Феномен этот, разумеется, не беспрецедентен, хотя одну из его причин мы склонны считать сугубо «территориальной»: многолетняя немота религиозного слова в атеистическом обществе вынудила его искать духовное убежище в далекой от понятийности «чистой» музыке.

В то же время, есть все основания полагать это явление универсальной духовной потребностью: достаточно вспомнить «Литургическую симфонию» А. Онеггера, «Гармонию мира», «Художника Матиса» П. Хиндемита, практически все органные, фортепианные и камерные опусы О. Мессиана1 — события не такого уж далёкого прошлого!

Более того, в самой истории музыки, в глубинных её пластах существует знаменательный опыт баховских хоральных обработок. В этот же ряд попадает и так называемая церковная соната (Sonata da ciesa), в которой чисто инструментальным языком «проговаривались» религиозные истины.

Поздняя советская музыка подняла на сакральные высоты многочисленные ответвления жанра In Memoriam, в некоторых случаях наделив их силой интимного переживания (Пятая симфония Г. Канчели — «памяти родителей»; фортепианный Квинтет (In Memoriam) А. Шнитке — «памяти матери»). Она наполнила сакральным смыслом и открытый западноевропейскими авангардистами минимализм (Silentium А. Пярта); преодолела генетические «противоречия» полистилистики во всепримиряющем хорале финала Первой симфонии А. Шнитке. В опыте В. Сильвестрова (Пятая симфония; «постлюдии»), Г. Канчели она «романтизировала» акт религиозного самозабвения, одарив его сильными поэтическими токами.

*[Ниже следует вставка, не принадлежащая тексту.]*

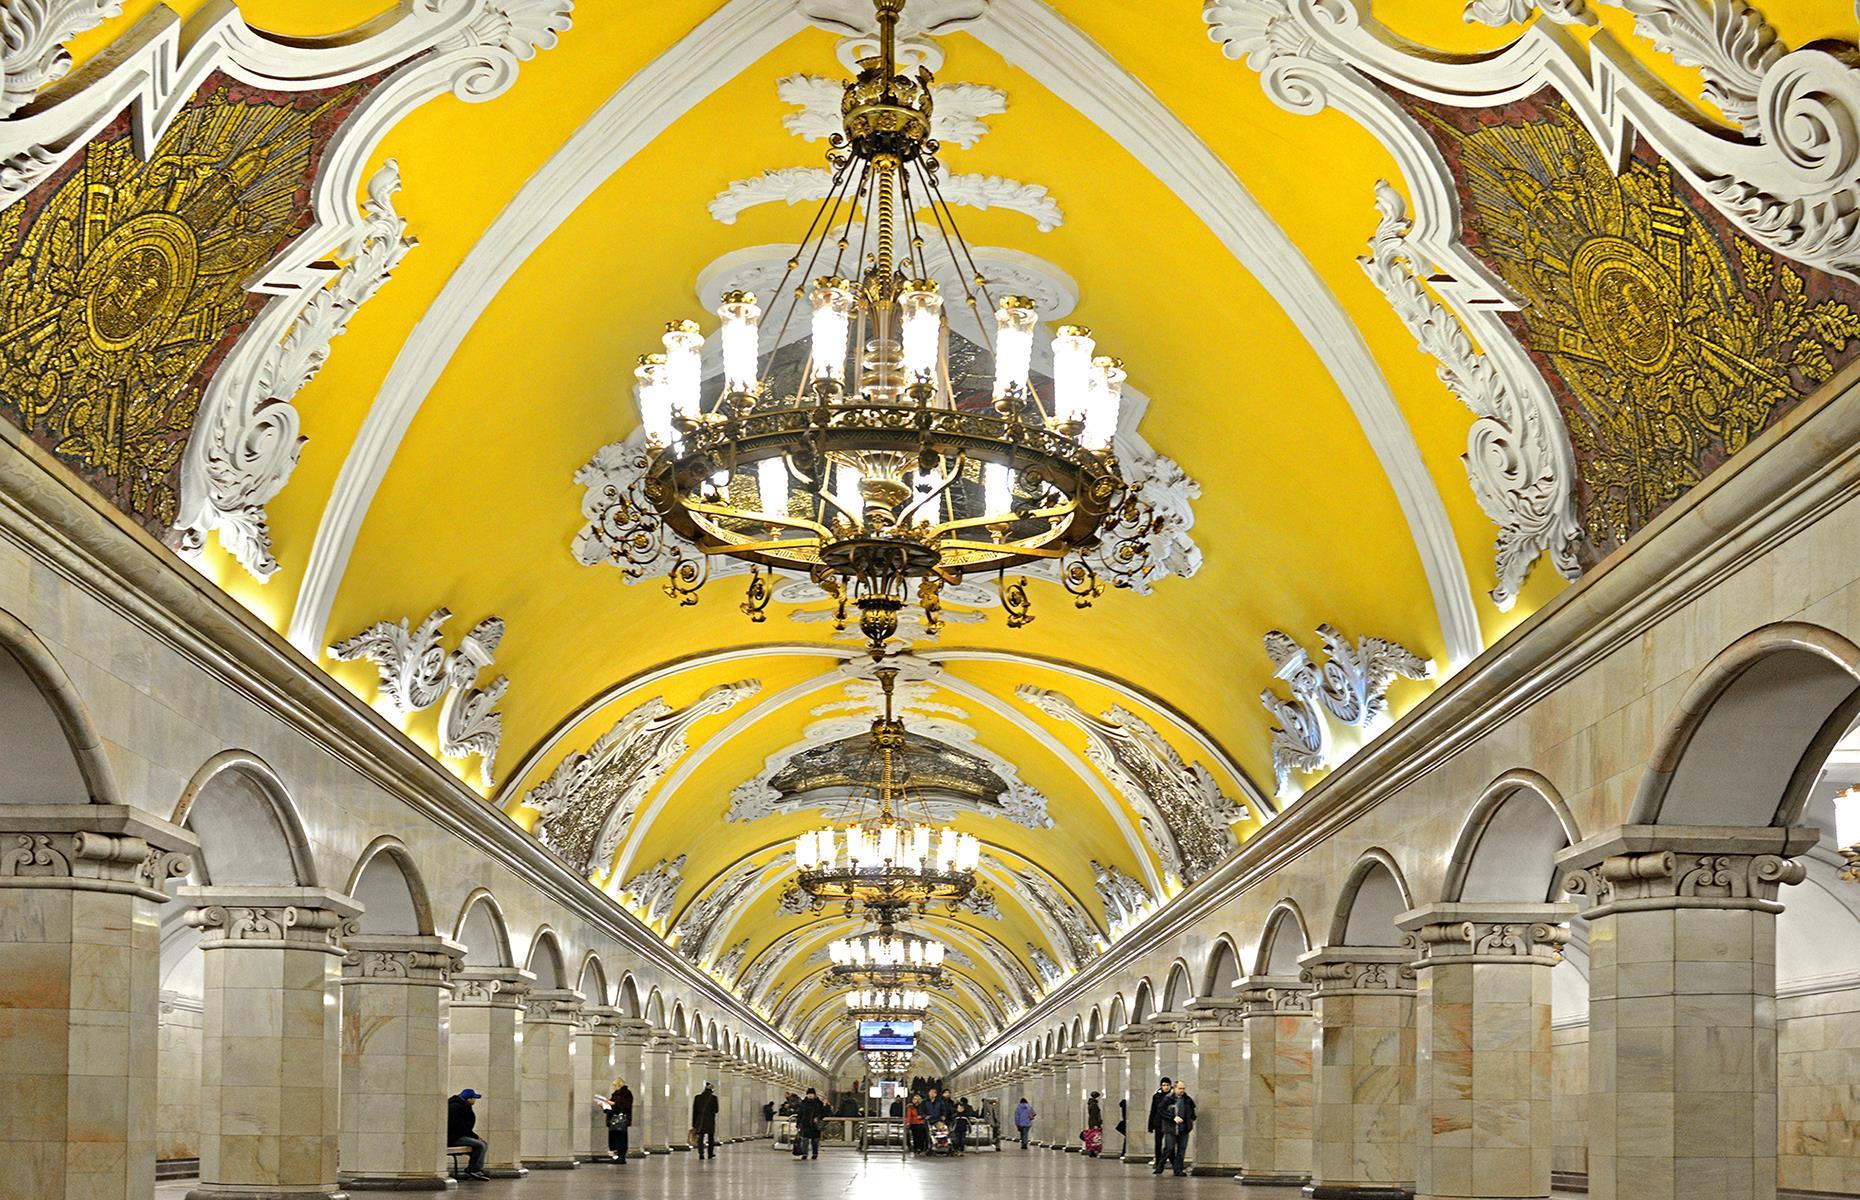 Moscow’s metro system, opened in 1935, is a collection of incredibly ornate stations that look much more like regal palaces or cathedrals rather than commuter hubs. Most, like Komsomolskaya, were built during Stalin’s reign and are meant to represent the wealth and power of the Soviet Union and the Communist Party.

Наконец, поздняя советская музыка явила, быть может, самый долгожданный синтез, союз «чистой» музыки и литургии — и самый убедительный их жанровый альянс. Конечно, нет смысла отнимать лавры первенства у симфонии, однако сакральные потенции жанра сольного концерта оказались столь же сильны (что подтверждает, среди многих примеров, С. Губайдулина в созданной ею знаменитой триаде Detto-II. Introitus. Offertorium).2

Жанр сольного концерта был избран корифеями «среднего» композиторского поколения не случайно, — при всей справедливости того, что называют первичностью сакральной сверхидеи и «приглушенностью» способов её высказывания. Его особая, «генетическая» предрасположенность к сакрализации бесспорна уже в силу того, что принцип tutti — solo, лежащий в основе жанра, позволяет «сюжетно» трактовать знак литургического действа, — принцип общения между проповедником и собором. Именно так представлены знаки антифона и респонсория соответственно в Introitus и Offertorium Губайдулиной.

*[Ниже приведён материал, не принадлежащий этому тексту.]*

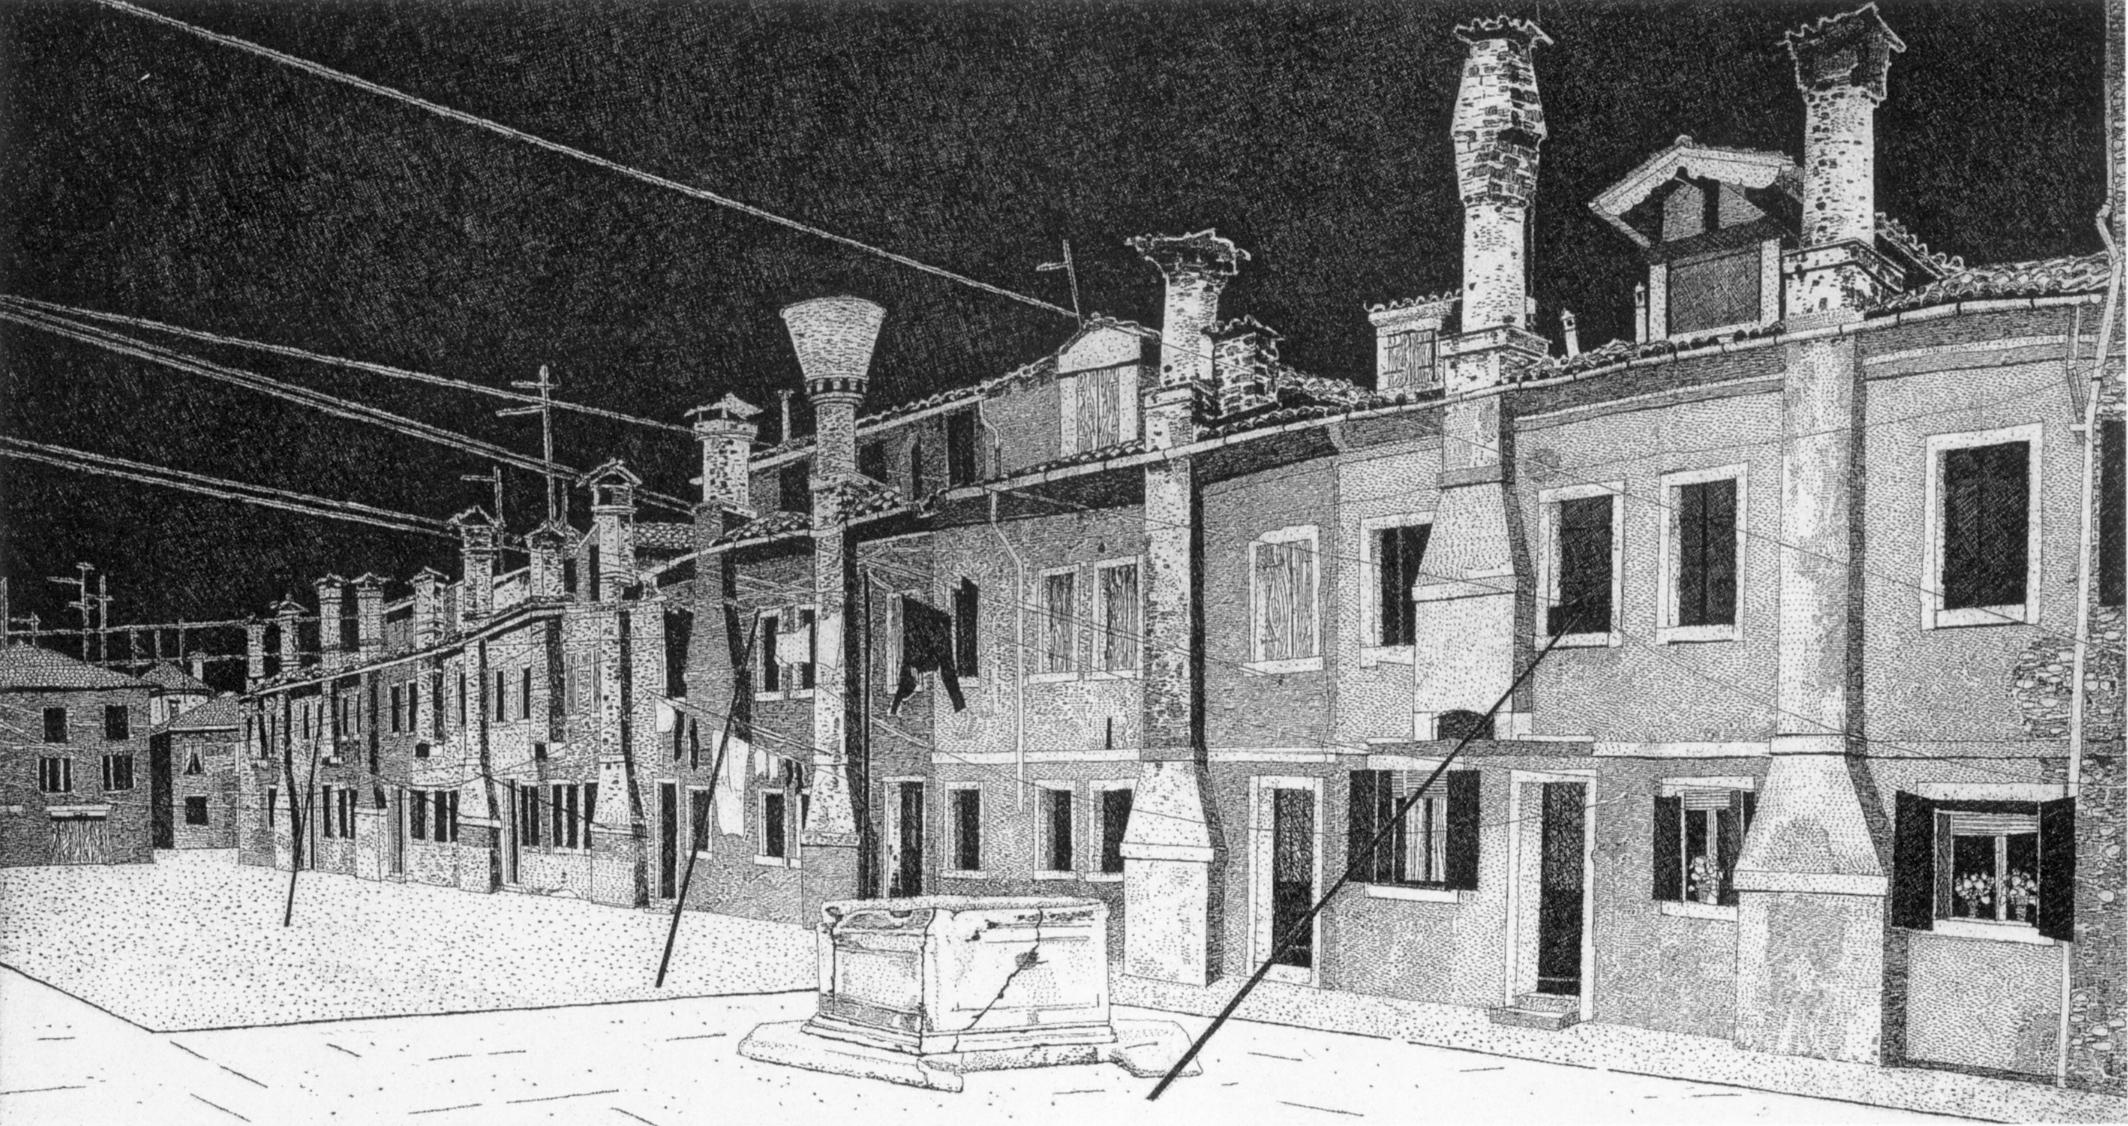 Nocturne Venice landscape, Giudecca, plate mm 343 x 641
Original etching, signed and numbered, limited edition of 90.

Maison Valentino set up the Giudecca for its latest haute couture show, on the occasion of the Biennal di Venezia dl 2022.


The

Очевидно, что и такой мощный стимул, как возможность воспринимать солиста в функции проповедника, повлиял на то, что моделью был выбран жанр сольного концерта именно романтического образца (то есть концерта монологического типа).

Жанр сольного концерта, кроме того, давал возможность субъективистски-интимного прочтения4 «вечного сюжета» крестных мук и искупительной жертвы Богочеловека. Так, в Offertorium Губайдулиной литургический первоисточник переосмыслен экспрессивно-личностным тоном «героя» концерта: «жертвоприношение» баховской темы — это лично пережитая, вновь ощущаемая тяжесть искупительной миссии Христа.

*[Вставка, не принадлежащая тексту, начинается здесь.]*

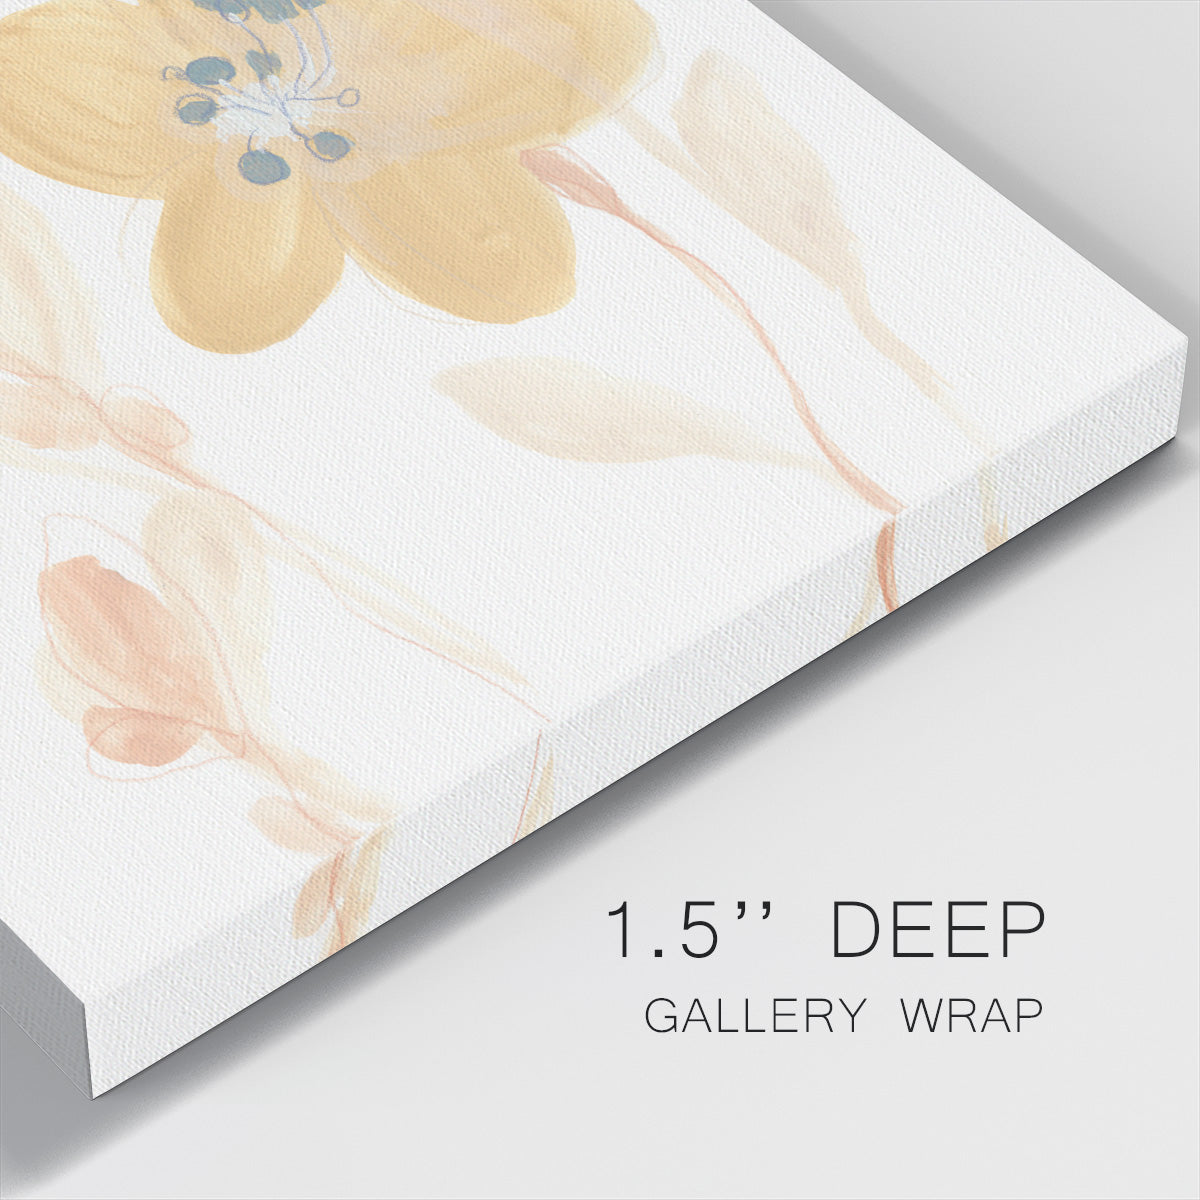 Petite Petals III-Premium Gallery Wrapped Canvas - Ready to Hang

Скрипичный концерт А. Берга (1935), ставший, по меткому замечанию С. Савенко, «мифологемой ХХ века», оказал несомненное влияние на губадуйлинский Offertorium и даже может быть представлен как архетип — некая модель, впоследствии подхваченная «поздней» отечественной музыкой. А катарсический финальный хорал «в стиле Баха» в опусах «поздних» советских авторов стал настоящей, истинной традицией.

Исследователи и интерпретаторы творчества Губайдулиной5 не без оснований считают триаду Detto-II (1972); Introitus(1978) и Offertorium (1980) (соответственно: виолончельный, фортепианный и скрипичный концерты) одним из самых мощных воплощений поздне-романтической концепции сверхцикла. Более того, это «основание», наверняка, было подано с «лёгкой руки» самой Губайдулиной, назвавшей себя «романтиком, который завидует классику» (курсив мой. — М. О.).

Сакральная идея (а именно с этой точки зрения рассматривается триада), a priori подразумевающая «контекстное» рассмотрение части литургического сверхцикла, звучит в каждом из этих опусов с большей или меньшей степенью силы и даже — вероятно — заданности (т.е. в некоторых случаях просто недостаточно явственно).6

Поэтому, отдавая должное идее сверхцикла, не следует чрезмерно акцентировать это, столь неизбежное, родство, Попытаемся увидеть смысл в автономном содержании каждого из концертов. Смысл этот — и в безусловной самоценности опусов, и в стремлении восстановить некоторую справедливость в отношении, прежде всего, к Detto-II и Introitus. Ведь эта интереснейшая музыка не отзвучала, на наш взгляд, должным количеством обертонов ни в исследовательской литературе, ни в непосредственно слушательской аудитории, — чего не скажешь об Offertorium. Возможно, «виной» тому послужило отсутствие ярко выраженной «читаемой» программы; в концертах нет «сюжетного» плана — одного из наиболее «зримых» показателей сакрального мира. Наконец, здесь не явно представлены и «флюиды полистилистики» [1; с. 33], представляющие фрагменты барочного (как правило) комплекса с его символизацией всех уровней произведения: от риторических фигур до символического прочтения формы.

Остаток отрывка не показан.